Дверь грубо распахнулась. На пороге стояли двое парней. Старше меня лет на пять-семь. Один — широкоплечий, рыжебородый, с лицом, которое явно знакомо с кулаками чаще, чем с мылом. Второй — потоньше, с хищным, злым лицом и колючими глазами.


Олена съежилась и отпрянула в угол.

—Братья родные… Всеволод-батюшка, Ратибор-батюшка… — залепетала она.


Рыжий, Всеволод, презрительно фыркнул.

—Отстань, старая. Мы к братцу нашему младшенькому. Что, Изяслав, голова болит? — он широко ухмыльнулся. — Это тебе за твою глупость. Не суйся, где не просят. Место твое — здесь, со свиньями. Понял? Ты — позор нашего рода. Слух идет, что ты и читать-то толком не умеешь. Так и помри тихо, не мешай нам, настоящим мужчинам, дела вершить.


Он пнул ногой мою тощую котомку, валявшуюся в углу. Из нее выпало несколько пергаментных листков с какими-то корявыми закорючками.


Мой собственный гнев, затоптанный паникой и отчаянием, вдруг прорвался наружу. Инстинктивно. Я поднял голову и посмотрел на него. Посмотрел не взглядом испуганного юнца Изяслава, а взглядом Игоря Петрова, который прошел через университетские общежития, ночные смены на промысле и разборки с профсоюзами.

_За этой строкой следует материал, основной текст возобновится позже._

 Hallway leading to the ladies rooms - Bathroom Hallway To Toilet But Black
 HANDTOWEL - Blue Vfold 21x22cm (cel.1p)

— А ты не пробовал постучать, козел? — тихо, но очень четко спросил я. Голос звучал хрипло, но уже без тени прежней слабости.


Всеволод замер с глупой ухмылкой на лице. Он явно не ожидал такой реакции. Ратибор удивленно приподнял бровь.


— Что?! — рыкнул Всеволод, делая шаг ко мне.


— Говорю, — я медленно поднялся на ноги, чувствуя, как по спине растекается ледяная уверенность, — что в цивилизованном мире, прежде чем вломиться в чужую комнату, обычно стучат. Или у тебя с башкой, помимо кулаков, ничего не контачит? Советую проверить. А то вдруг там опилки.


Наступила гробовая тишина. Было слышно, как за стеной хрюкает свинья. Олена смотрела на меня, будто на воскресшего мертвеца. Рыжий брат покраснел от ярости.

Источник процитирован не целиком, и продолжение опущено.